Chickadees are, like other parids, bold little birds, generally unafraid of humans or other larger creatures. They will often be the first birds to visit a newly-hung feeder, and, indeed, are quick to exploit new food sources in the wild as well, as they did with gall wasps imported to the U.S. in an attempt to control invasive knapweed. Chickadees are omnivorous food cachers, who will hide seeds and other foods to be eaten later. Studies of chickadees’ brains indicate that these birds are able to recall where they stashed food due to a very rapid example of neurogenesis in their hippocampus, a mechanism by which new brain cells are continually replacing old ones. Neurogenesis is important in flying birds, as large, stable brains would weigh them down to much.

“Chickadee” is an onomatopoeia of their song, a buzzy, startling “chka-dee-dee-dee-dee-dee”. Chickadee vocalizations are complex, some of the most complex communication of any non-human animal. For instance, they modify their alarm calls, used to signal the sighting of a predator or other potential threat, based on the size and nature of the threat. To science, they are Poecile atricapillus. The genus, whose type species is the marsh tit, takes its name from the ancient Greek name of some unidentified small bird (almost certainly not a marsh tit or any other member of the genus, as “ποικιλος” means “colorful”.) “Atricapillus” means “black-haired”.

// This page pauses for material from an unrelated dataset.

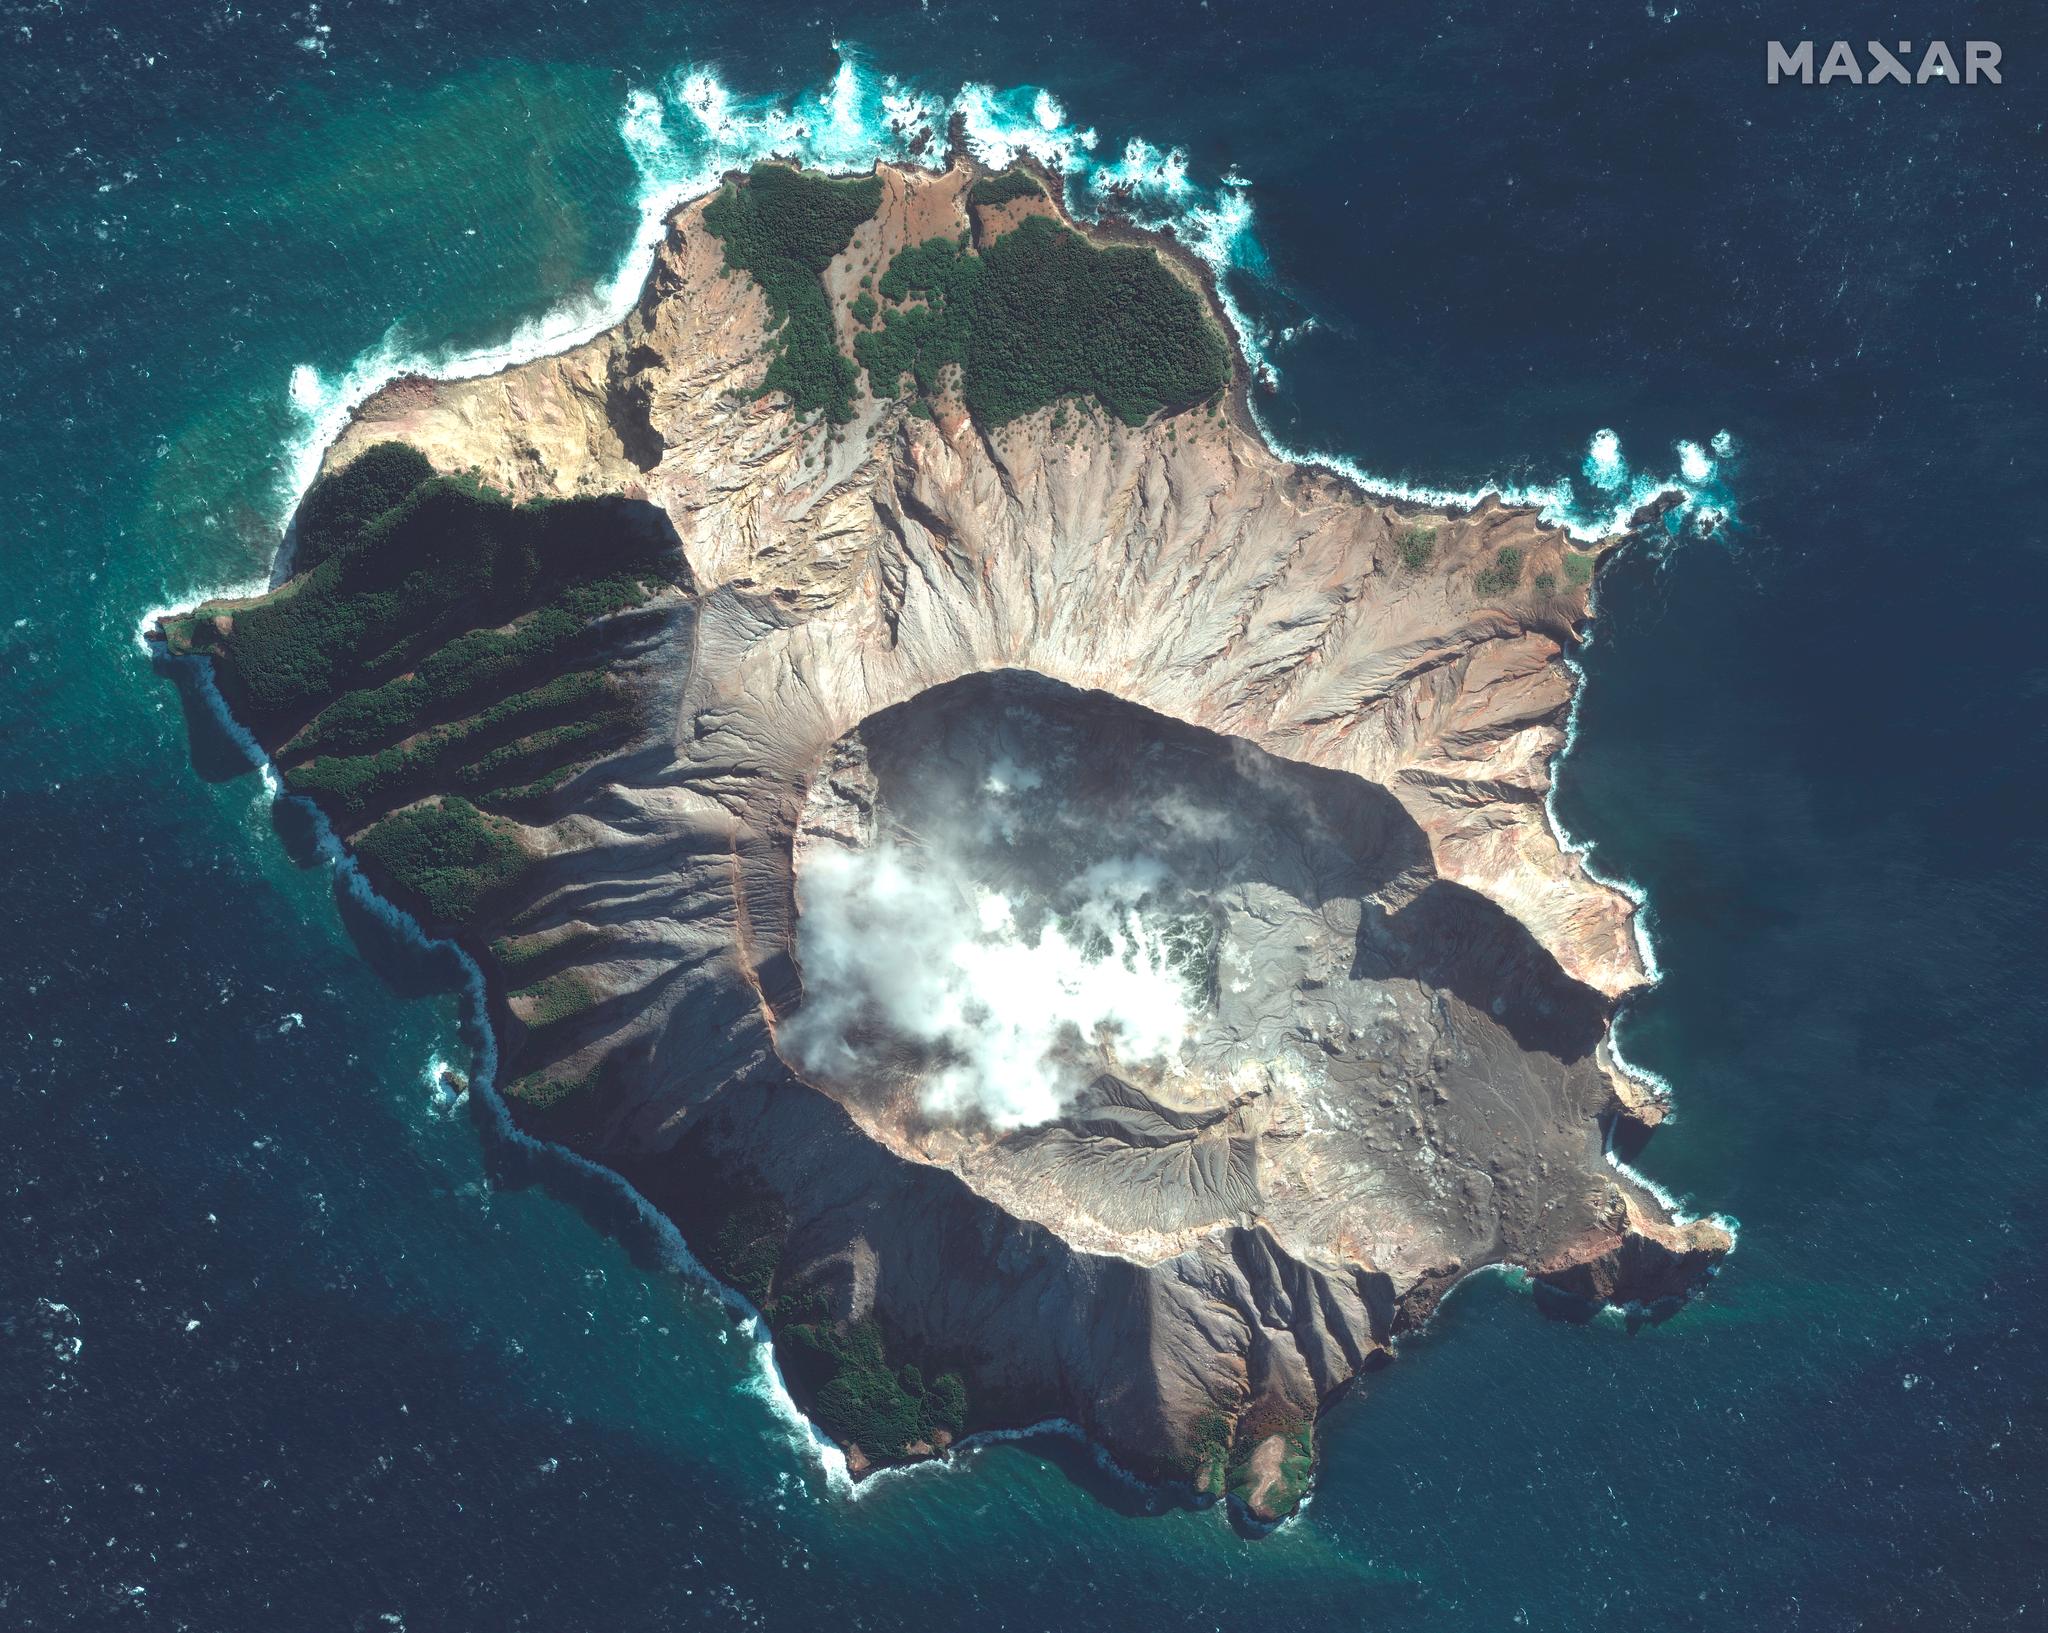 Satellittbilde av Whakaari-øya tatt 12. mai 2019 viser hvordan røyk og damp stiger opp fra øya. Den høye vulkanaktiviteten gjorde øya til et populært turistmål.

The Search for the Seed Bandit | Katherine J. Wu, The Atlantic

In Panama, there lives a strange gymnosperm plant, which lives on the branches of other plants. It has large, heavy seeds which, left to themselves, will drop to the forest floor and never sprout. Researchers knew that something must be carrying these seeds through the forest canopy, but they weren’t sure what. So they set up some cameras.

Speaking in Whistles | Bob Holmes, Knowable Magazine

Throughout the world, where people live in  dense forests or far-flung mountains, they sometimes develop a whistled language, or a whistled version of a non-whistled language. This can be a real challenge when the root language is tonal, but it still happens.

Dust in the Wind | Virginia Gewin, Popular Science

“Dry lake beds represent the West’s largest single dust source. The Great Salt Lake is just the latest so-called terminal lake—a water body that doesn’t empty into the ocean—to go parched. The most infamous is California’s Owens Lake, whose primary tributary was diverted in 1913 to supply Los Angeles with water. By 1987, when the EPA first found the lake violated National Ambient Air Quality Standards for particulate matter, it was the largest PM10 source in the nation.”

An Urge To Create Honey | Martin Cahill, Clarkesworld

[FICTION] A human soldier is taken in by the hive-minded insectoid alien race he was sent to war with.